Now all images contain a large number of pixel data and we want to make the file size as small as we possibly can. That means then we can fit more images into the same amount of disk. There are two fundamentally different approaches to image compression. The first is Lossless compression, and what this does is exploit redundancy or recurring patterns in the image and codes them very efficiently, so they require overall less space. And this is in stark contrast to Lossy compression, the most common example of which is JPEG compression. And what lossy compression does is exploit the fact that the human vision system is far from perfect, and that there is some information that you can remove from the image in such a way that the human observer does not notice very much change. So some of the problems with the human vision system is we are not very good at noticing very fine detail. We are not as good at resolving the differences between colours as we are at resolving the differences between different intensities. And our colour sensitivity actually depends on the sorts of colours that we are looking at. So we can exploit these bugs in the human visual system in order to remove information that we wouldn’t notice anyway and make the files much smaller.
Here is an image of our favourite robot and on disk this image occupies 480 kilobytes. If we observe this little region within the robot and we zoom in on that what we can see is that it looks pretty good, we can see the edges are fairly sharp, and there is some interesting colour gradations there. Now this image is only been modestly compressed, it is 82% of the original image size. But if we start to increase the amount of compression, we are throwing away additional information, we see the image starts to become quite seriously degraded when we zoom in and look at it very closely. So with the very high level of compression the image is only occupying twelve per cent of the original storage, so we have made massive savings in the disk space required, but the image is starting to look fairly poor when we zoom in on it. And if we zoom in even further we can see that it has become quite blocky, quite quantised, and there are many fewer colours here then there are in the original image.
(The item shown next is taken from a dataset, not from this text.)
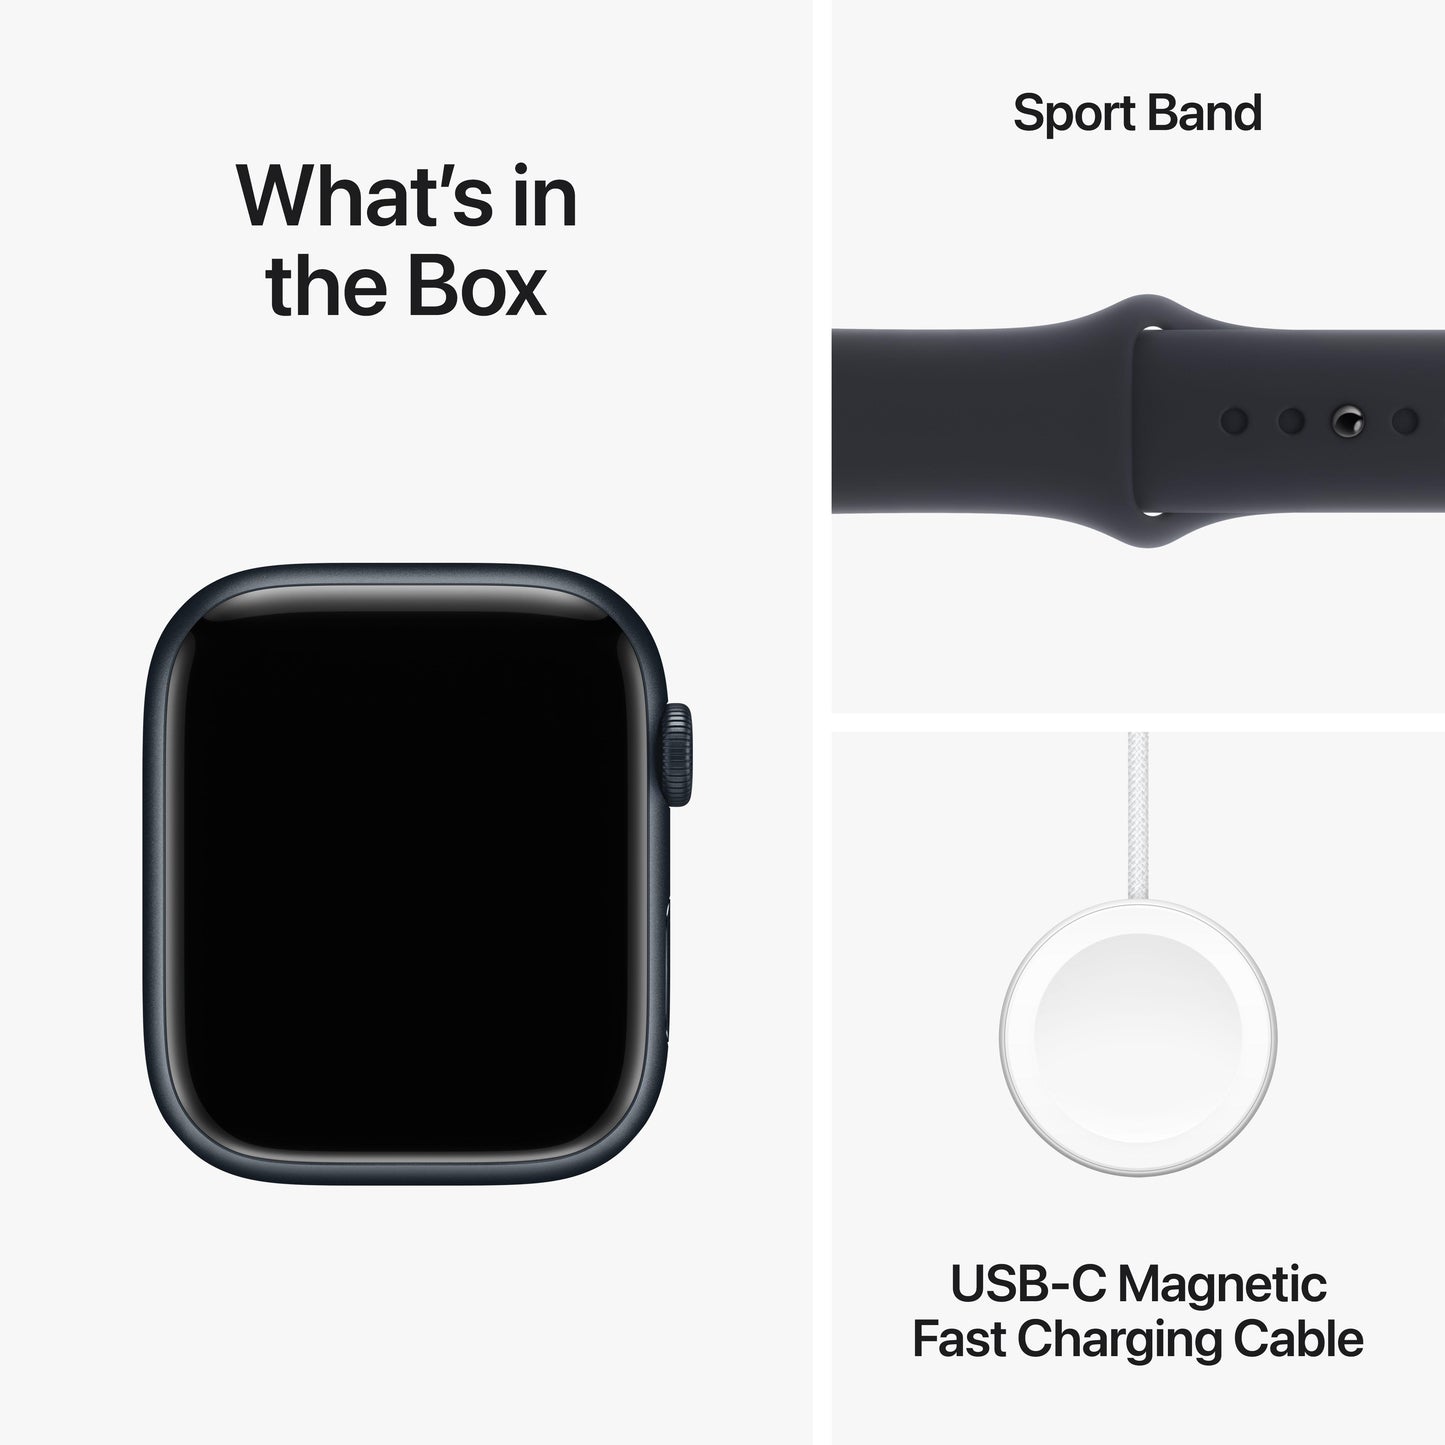 ساعة Apple Watch Series 9 GPS +Cellular مقاس 45 مم، إطار ألمنيوم ميدنايت، حزام رياضي ميدنايت - S/M

All of these images have the same number of pixels, but the actual file size varies. This image as we mentioned before is 3.7 megabytes long. This crocodile is only 2.9 megabytes long. The bird picture
3.8 megabytes. The size of an image after it has been compressed is a function of how much information is in that image.
Code
There are a lot of pixels in a typical image which makes them take up a lot of memory. Images can be compressed to take up less storage. Compression can be lossless or lossy, where we tradeoff size for quality.